Summary of recommendations
| Report germline likely pathogenic/pathogenic variant in diagnostic setting | Surveillance* for affected proband | Offer predictive testing | Offer surveillance* if positive predictive test | |
| Individual with SDHA-associated tumour (wtGIST, paraganglioma, phaeochromocytoma), renal cancer, neuroblastoma and pituitary adenoma with immunohistochemical evidence of SDH deficiency, see table 1) | Yes | Yes Offer follow-up for initial tumour and surveillance for metachronous tumours (see recommendation 4) | Recommend for FDR, following detailed discussion | Offer surveillance (see recommendation 6) following detailed discussion regarding current knowledge and limitations |
| Individual with non-SDHA-associated tumour | Yes, recommend reporting is coupled with a recommendation that SDH IHC is performed and the finding is considered to be a non-actionable secondary finding unless there is immunohistochemical evidence of SDHB/SDHA loss in the tumour or a family history of SDHA-associated tumours† | No† | No† | N/A |
*Surveillance: annual symptom review, blood pressure monitoring, biochemistry with plasma metanephrines and 3–5 yearly imaging of neck, thorax, abdomen and pelvis, preferably with MRI from age 15.
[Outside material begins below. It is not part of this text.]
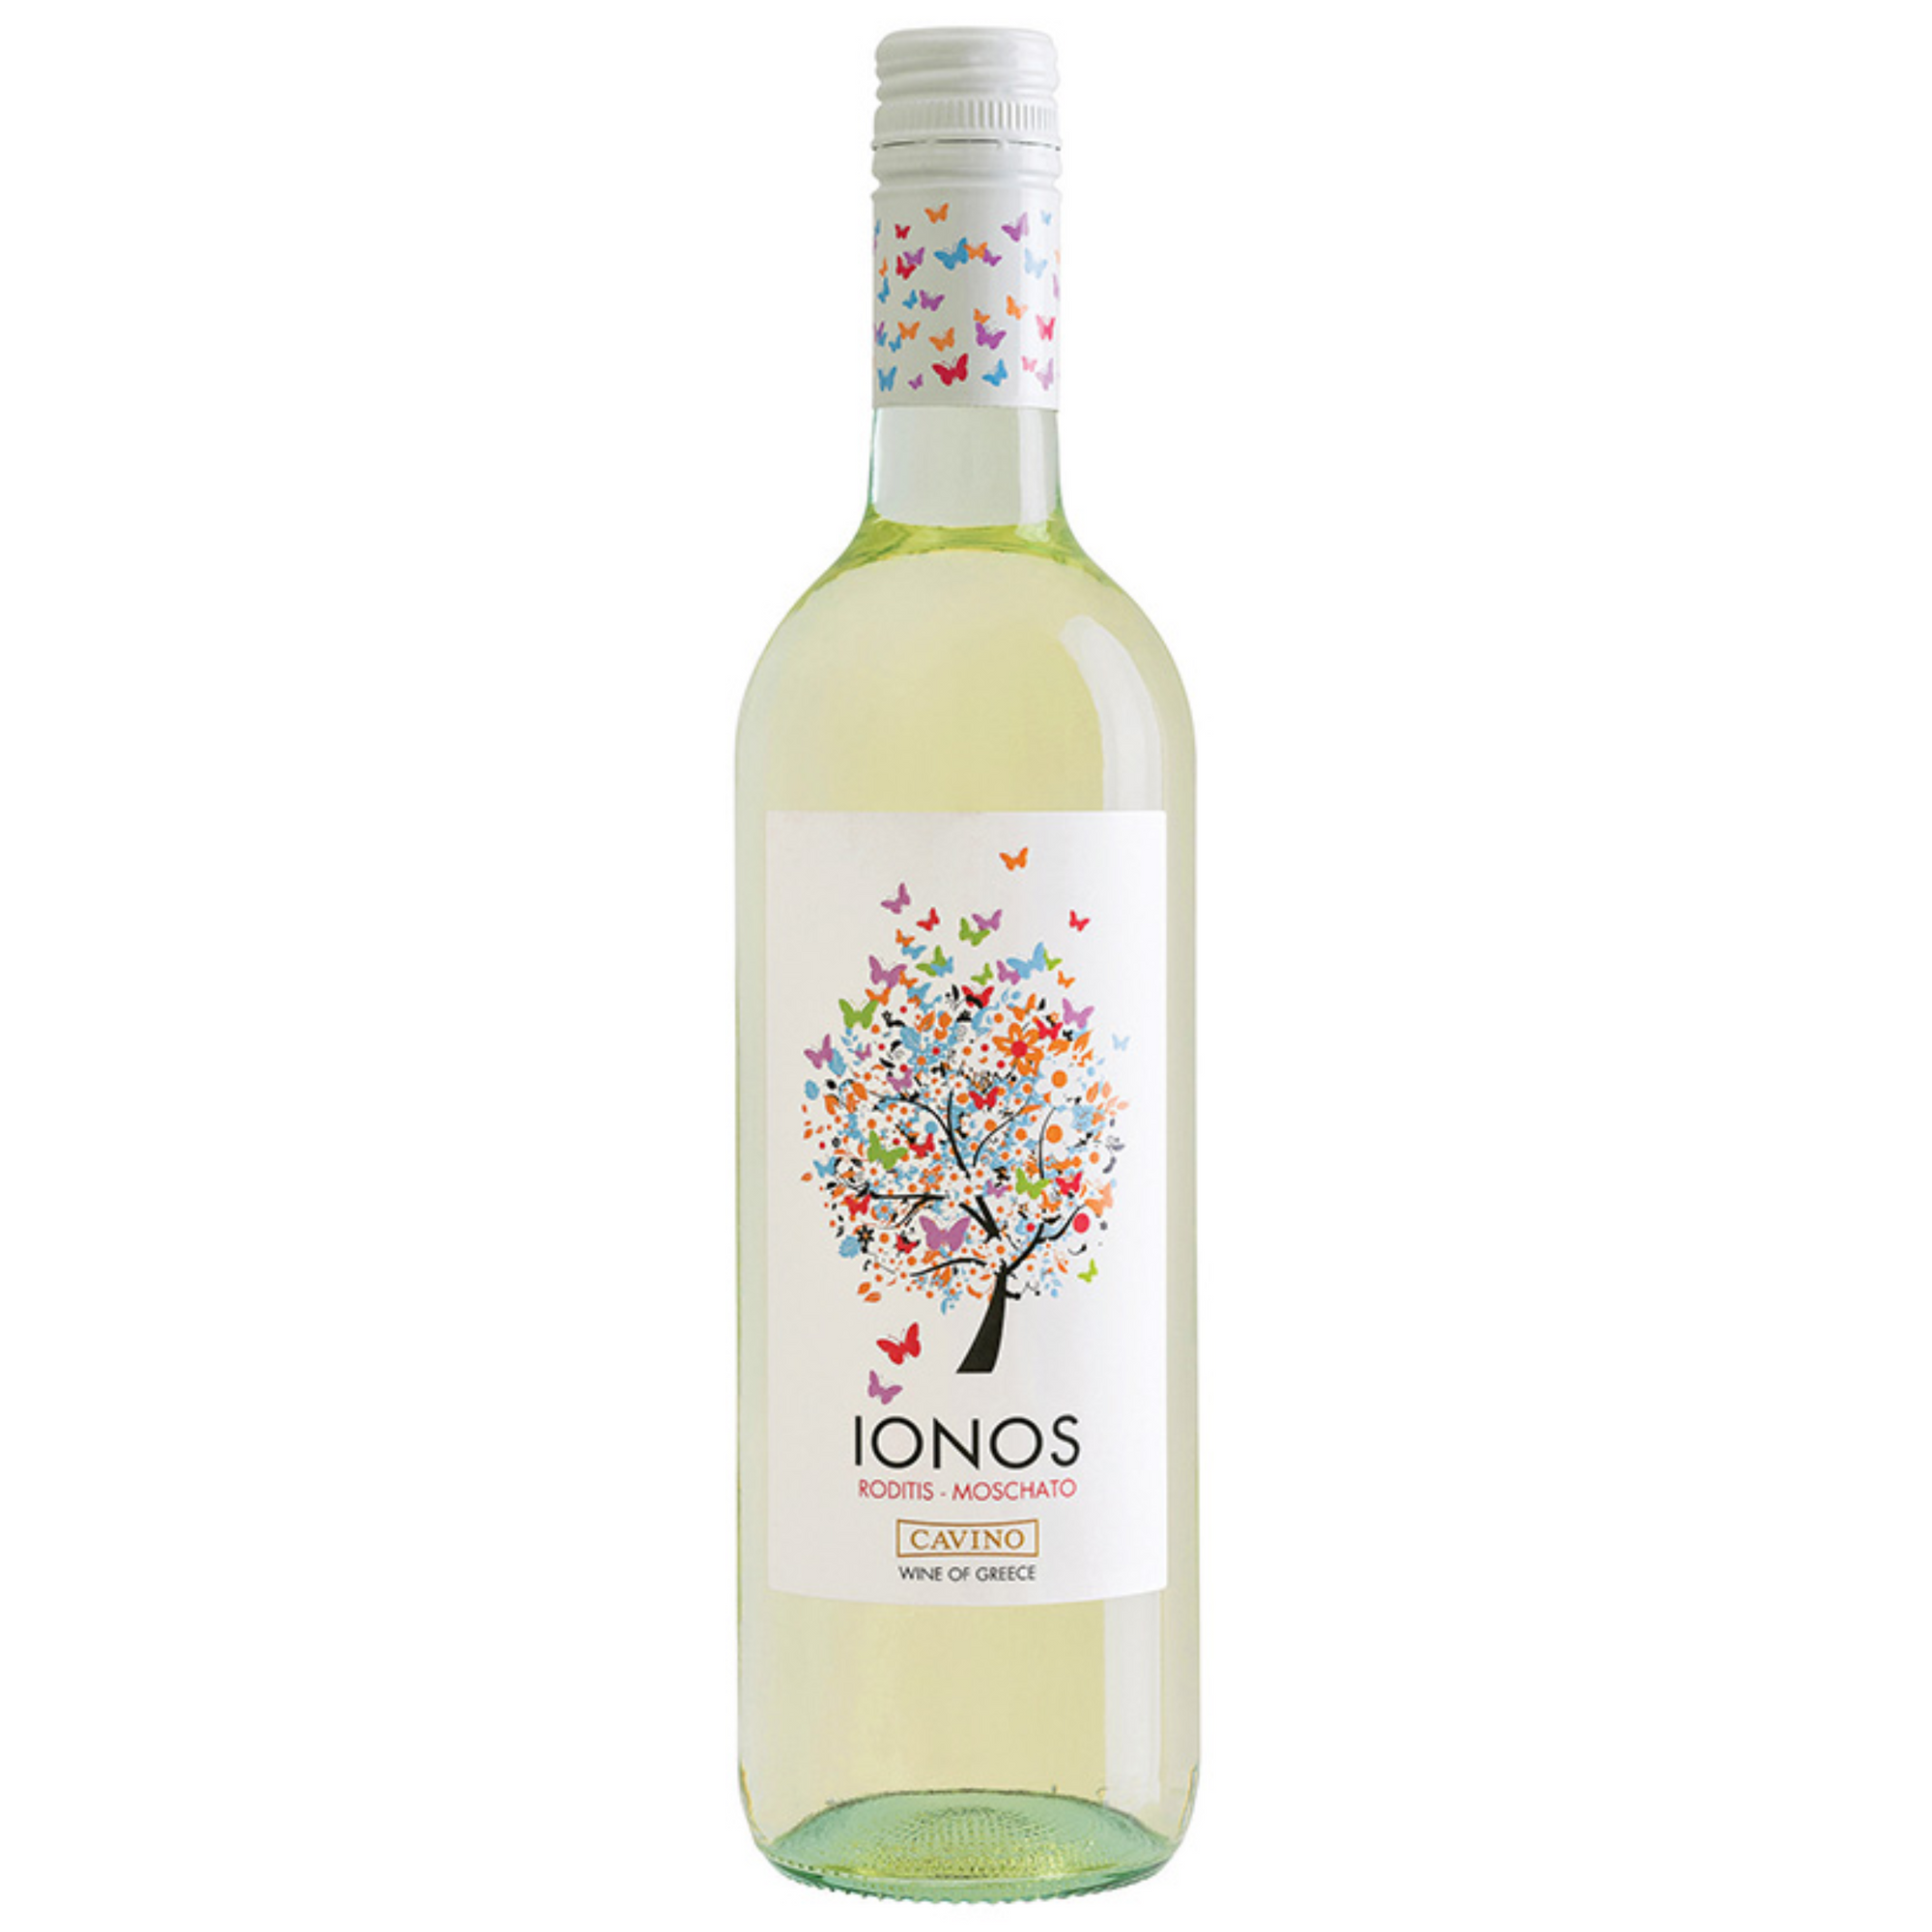 Ionos White Dry Wine 750ml
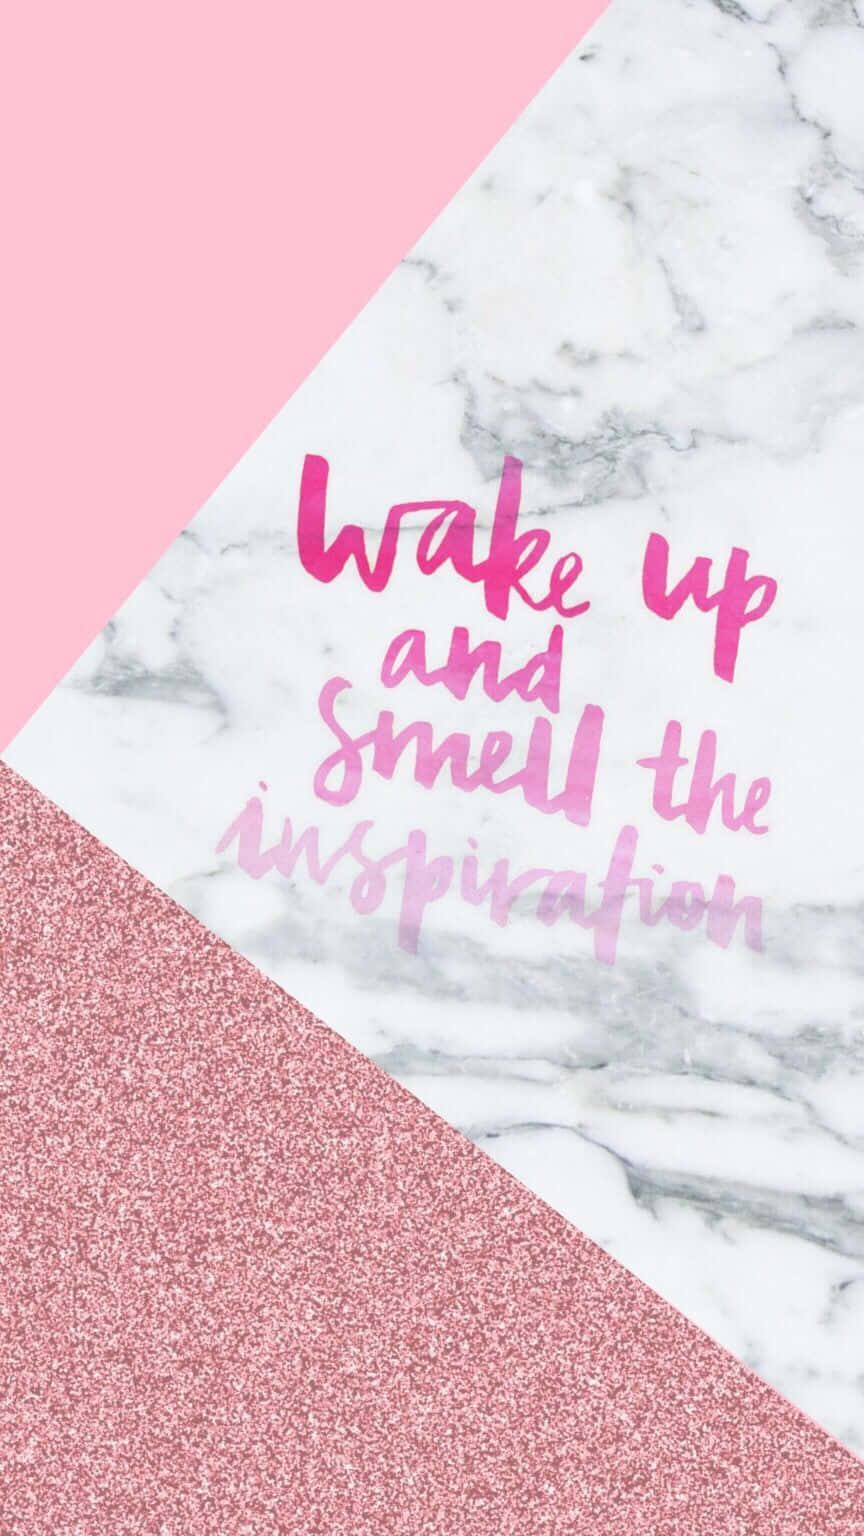 Vågn op og lugt til inspiration Wallpaper

†For individuals with non-SDHA-associated tumours identified to have a PGV in SDHA, we would consider these a non-clinically actionable finding, unless the tumour is demonstrated to show SDHB/SDHA loss or there is a family history of SDHA-associated tumours. If either IHC loss or family history is confirmed, then recommendations should shift to that for an individual with an SDHA-associated tumour.
FDR, first-degree relative; IHC, immunohistochemical; PGV, pathogenic germline variant; wtGIST, wild-type gastrointestinal stromal tumour.